_Entries shown_
——————————
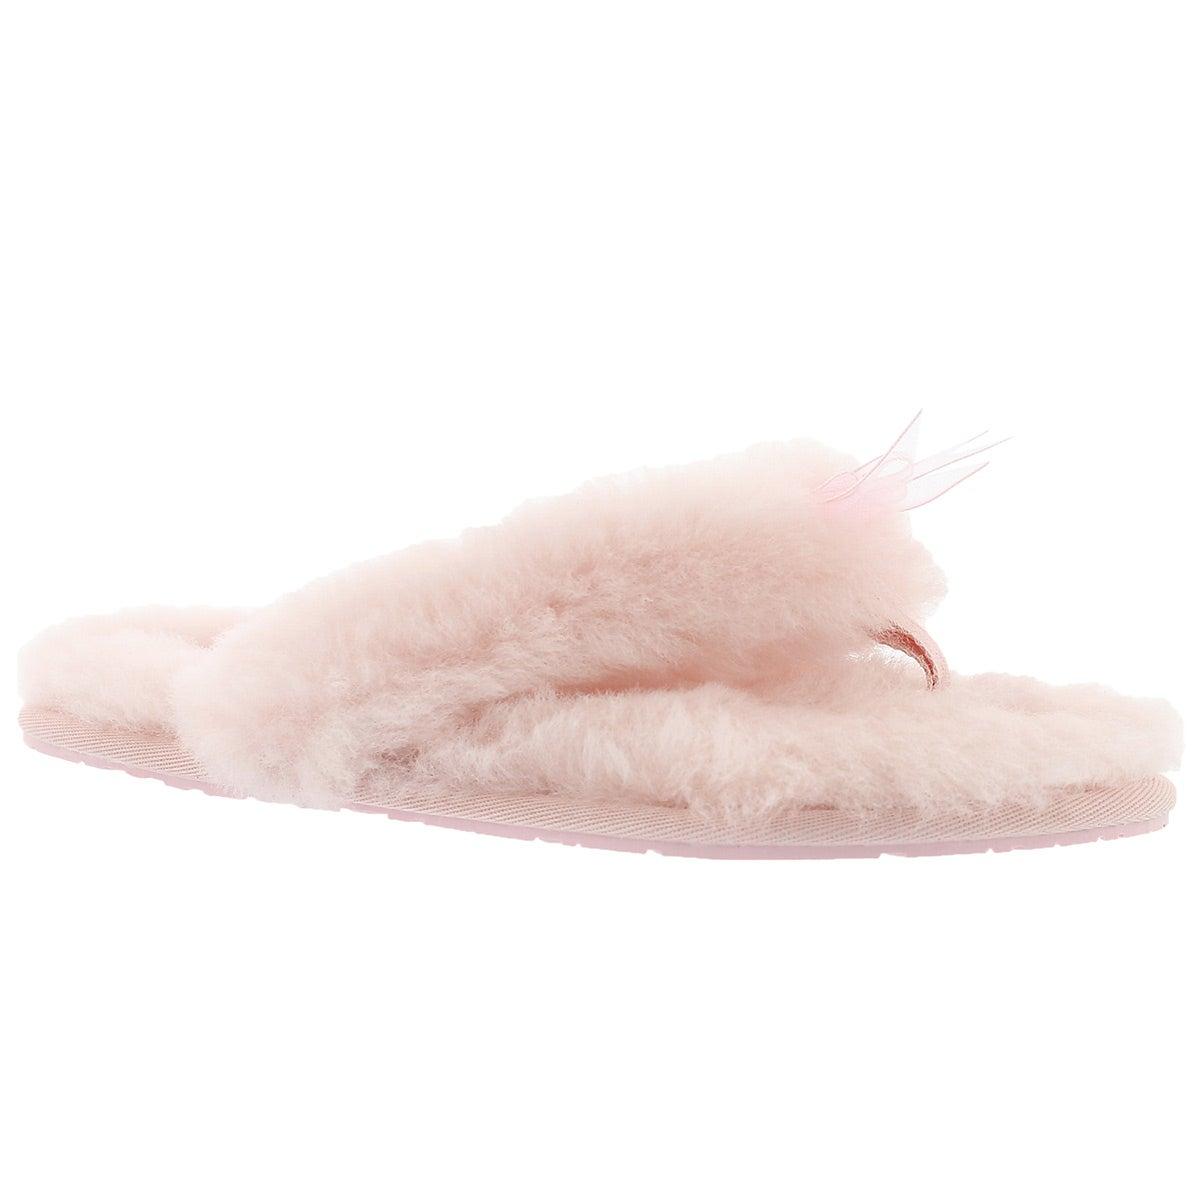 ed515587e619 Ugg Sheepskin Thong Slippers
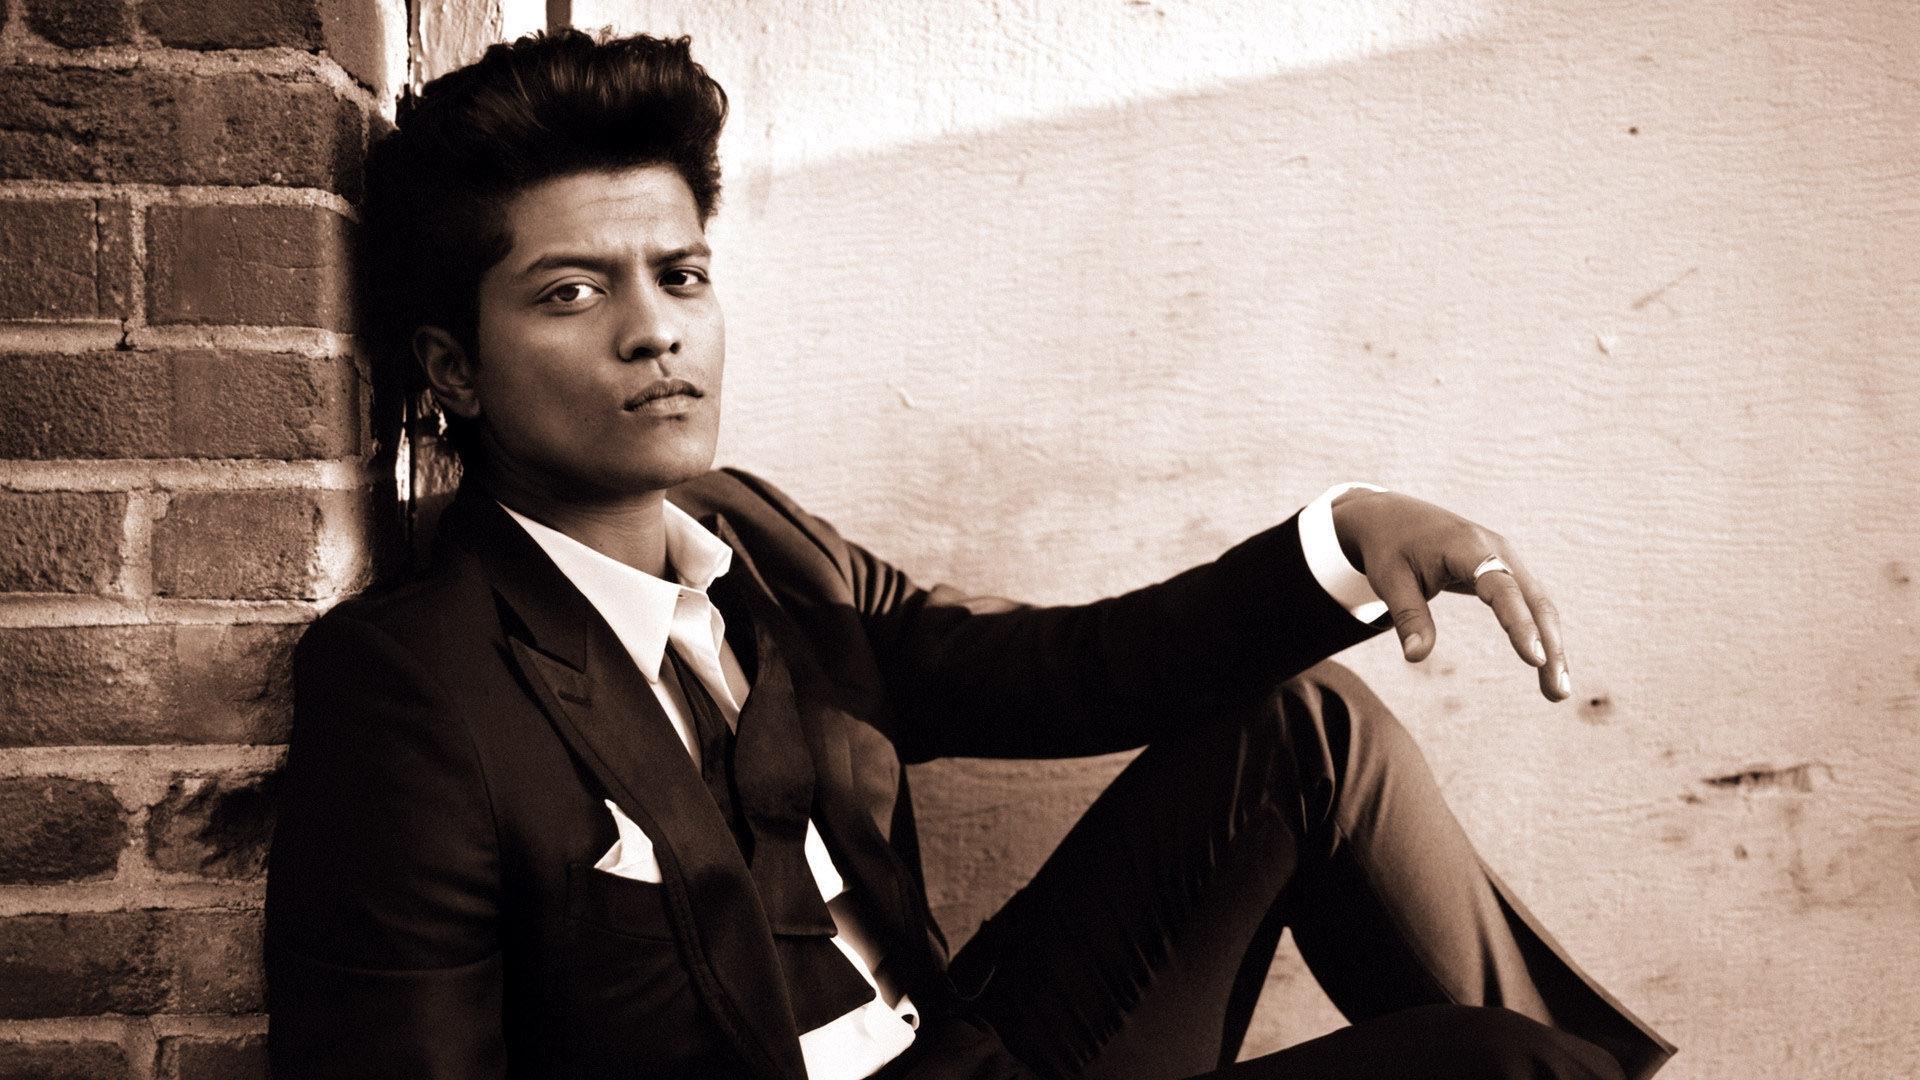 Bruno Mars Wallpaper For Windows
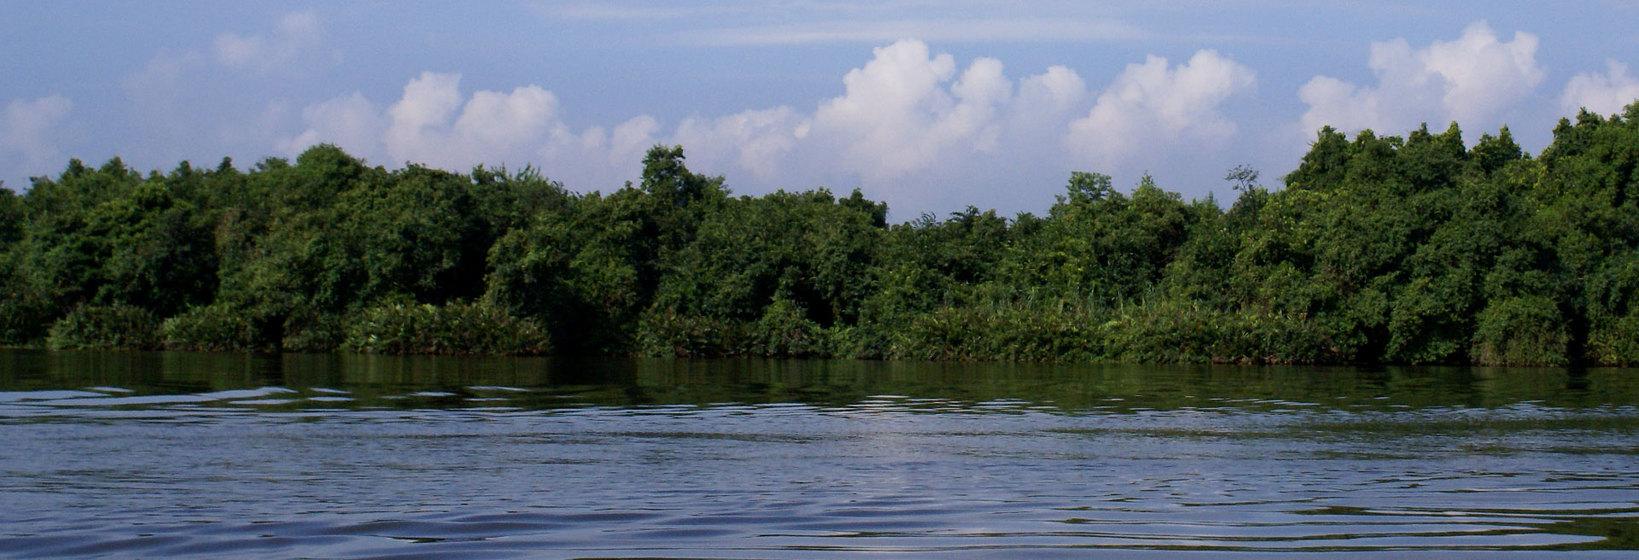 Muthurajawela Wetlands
——————————
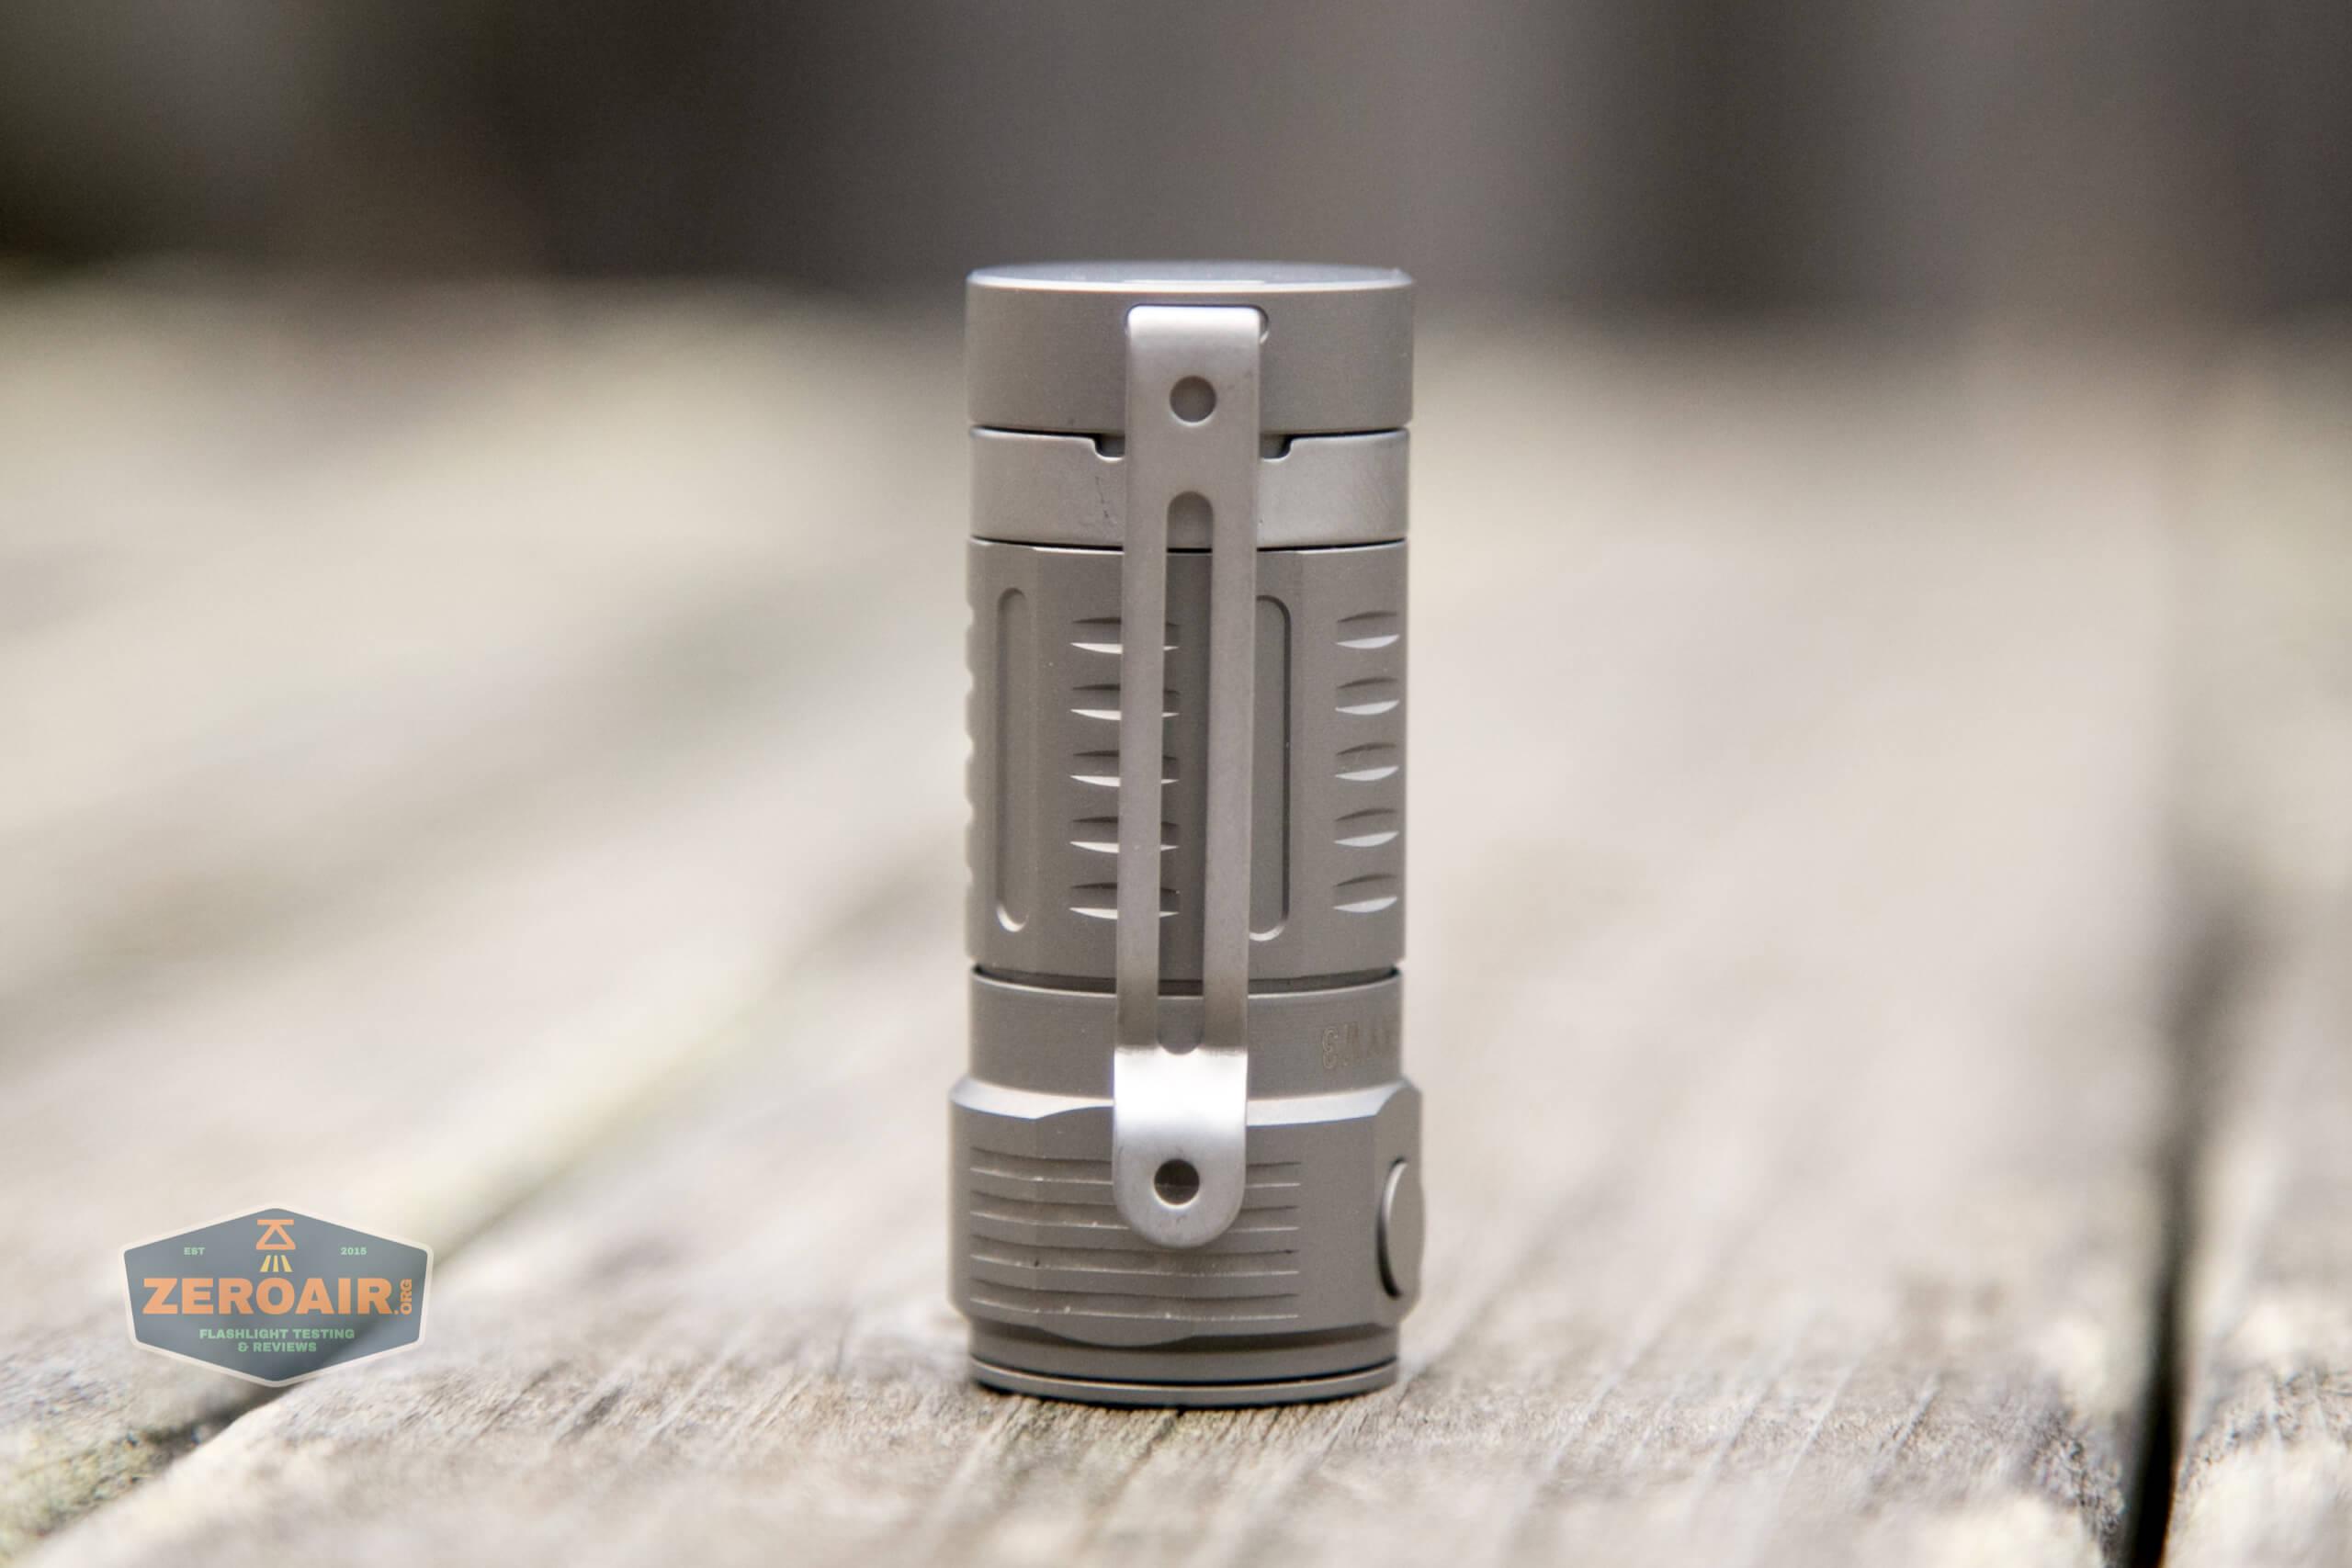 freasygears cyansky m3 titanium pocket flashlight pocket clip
——————————
_Task description_
Go to the line above that contains "ed515587e619 Ugg Sheepskin Thong Slippers" and reproduce everything exactly from there through the line that contains "Muthurajawela Wetlands", leaving out the pictures.

_Output of the task_
 ed515587e619 Ugg Sheepskin Thong Slippers
 Bruno Mars Wallpaper For Windows
 Muthurajawela Wetlands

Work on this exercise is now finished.